# PROVIDED DATA
>>>

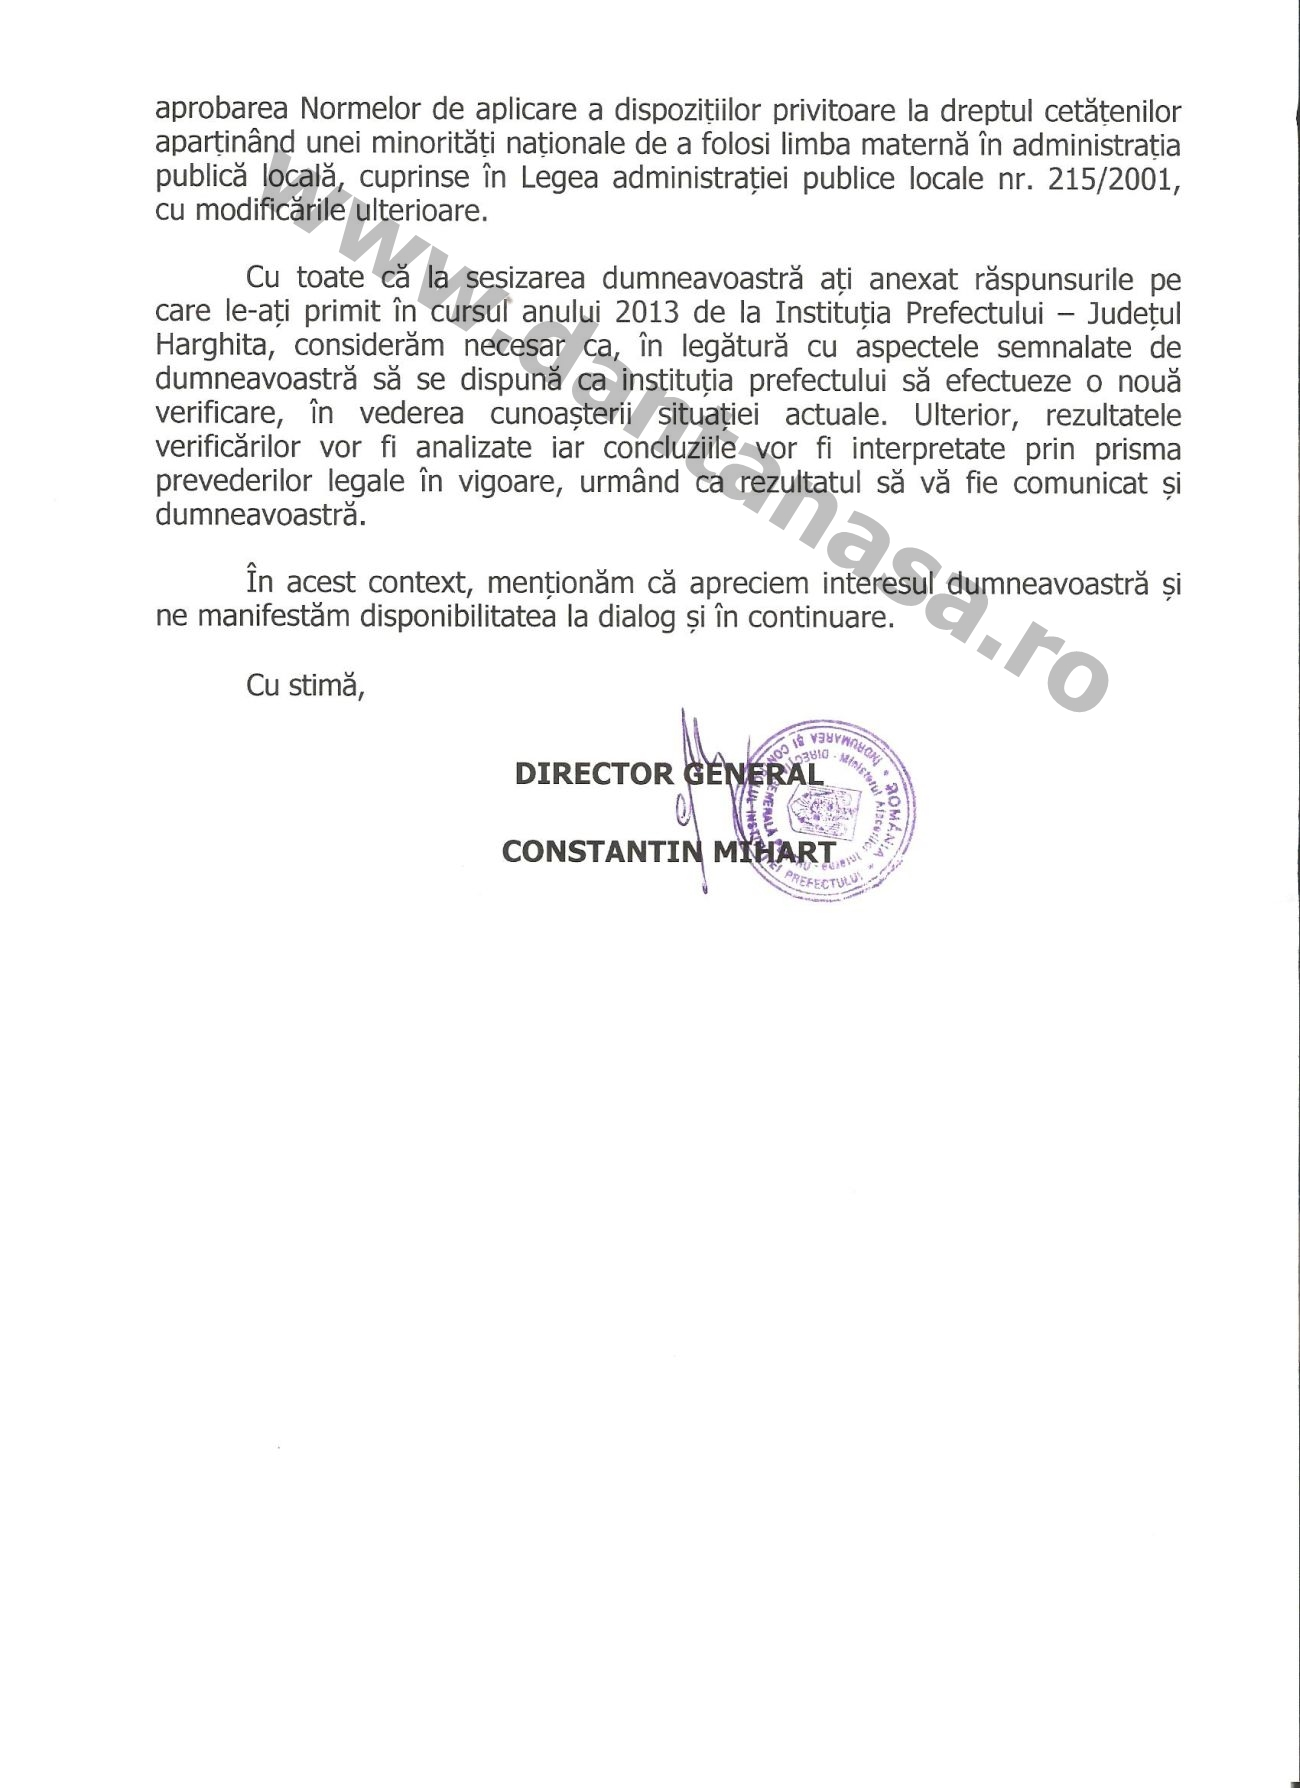 Ministerul Afacerilor Interne Constantin Mihart Nyiro Jozsef Wass Albert Dan Tanasa 2
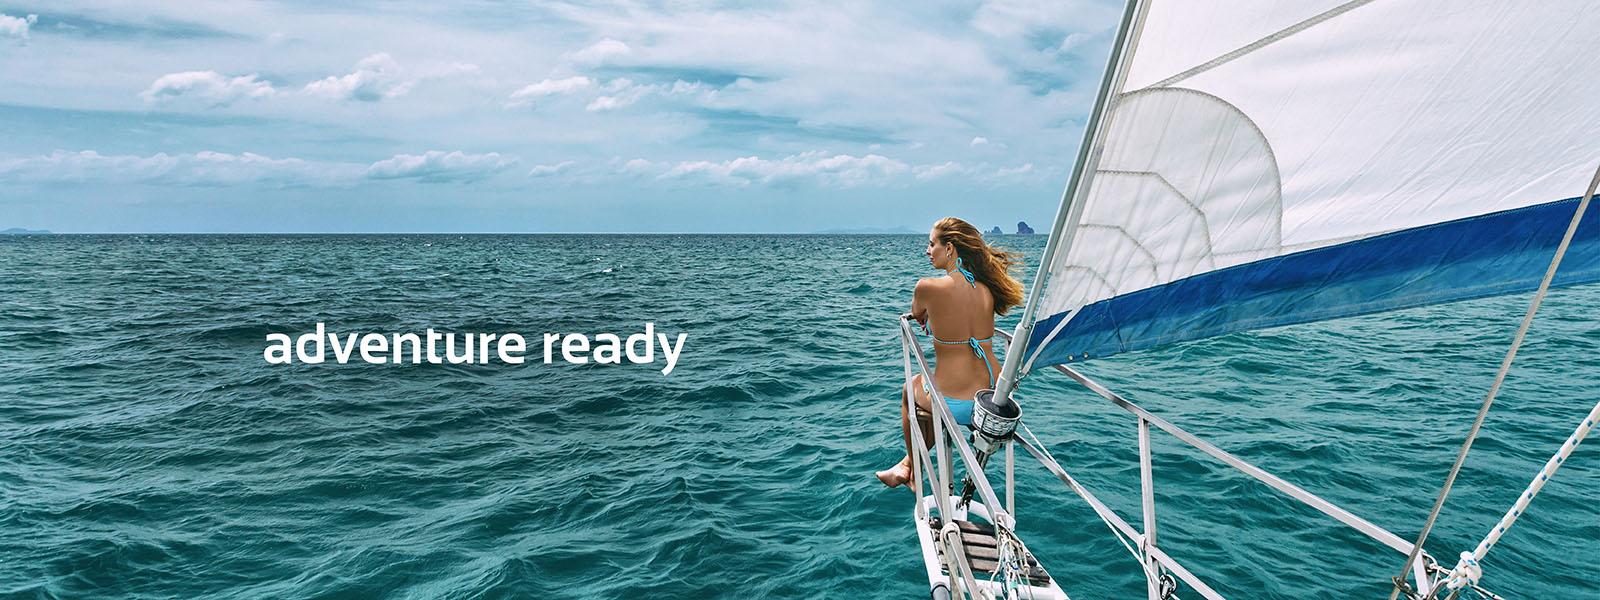 Woman in bikini on a boat in the ocean.
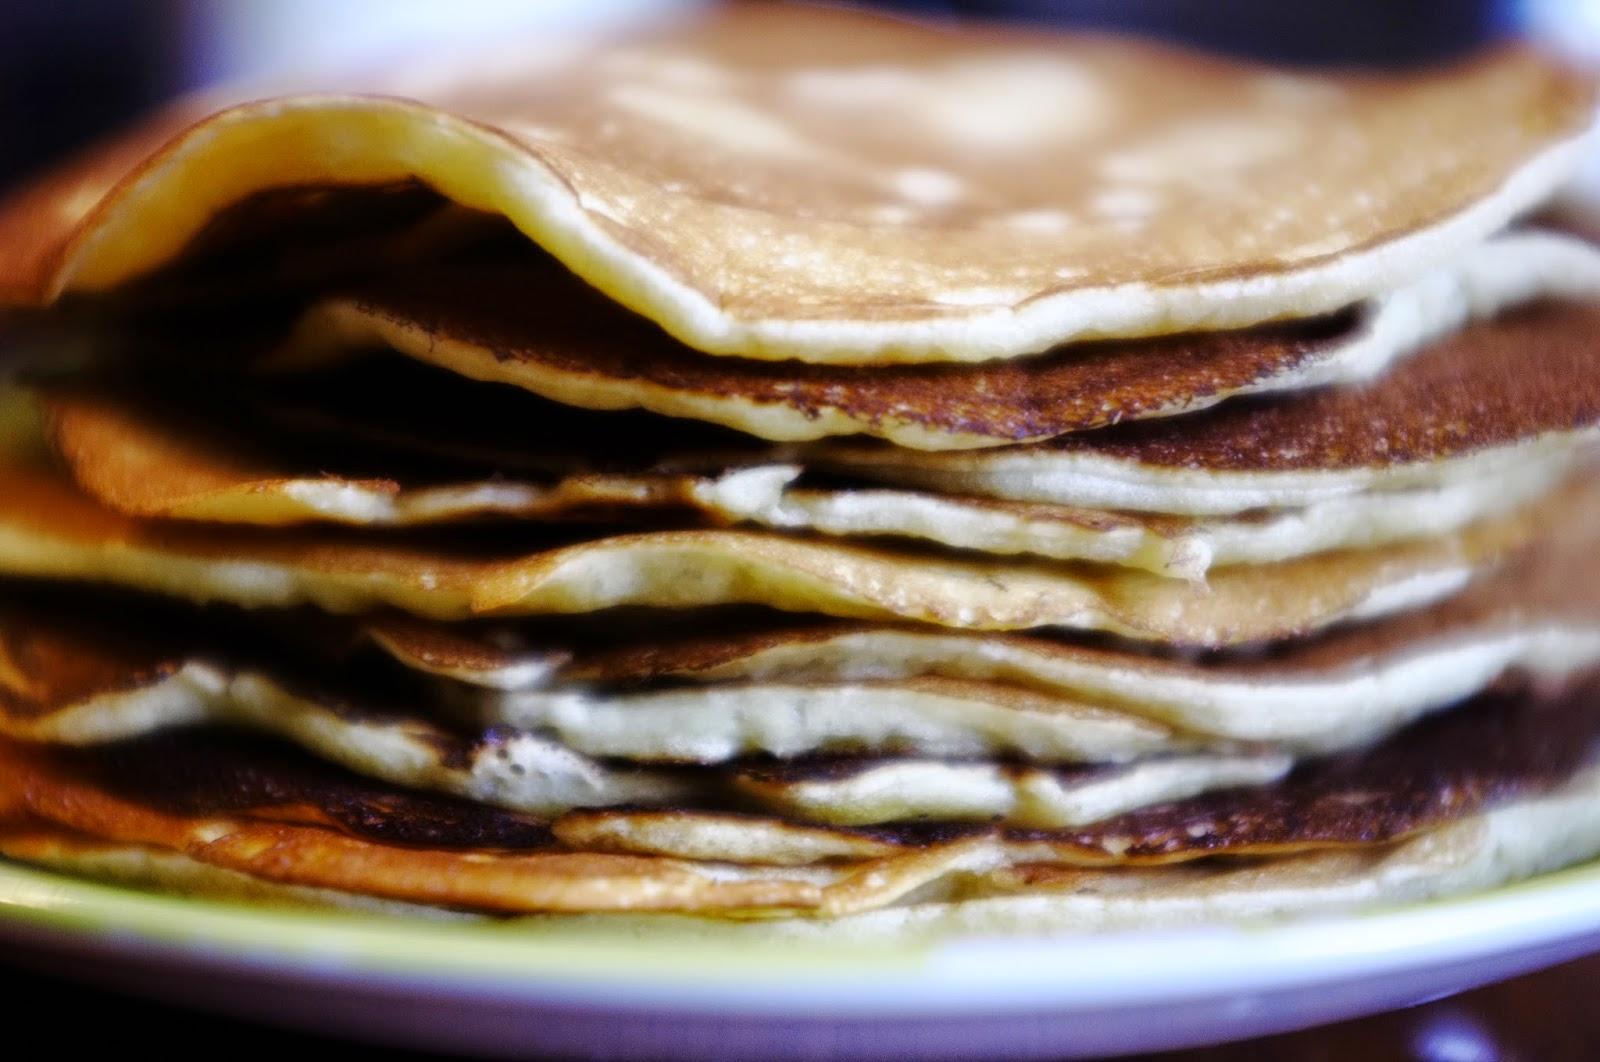 http://ielonah.blogspot.fr/2014/07/pancakes-avec-amour.html

<<<

# EXERCISE OBJECTIVE
A verbatim transcript of the material above, with images dropped, is the expected output.

# ANSWER TO THE EXERCISE
 Ministerul Afacerilor Interne Constantin Mihart Nyiro Jozsef Wass Albert Dan Tanasa 2
 Woman in bikini on a boat in the ocean.
 http://ielonah.blogspot.fr/2014/07/pancakes-avec-amour.html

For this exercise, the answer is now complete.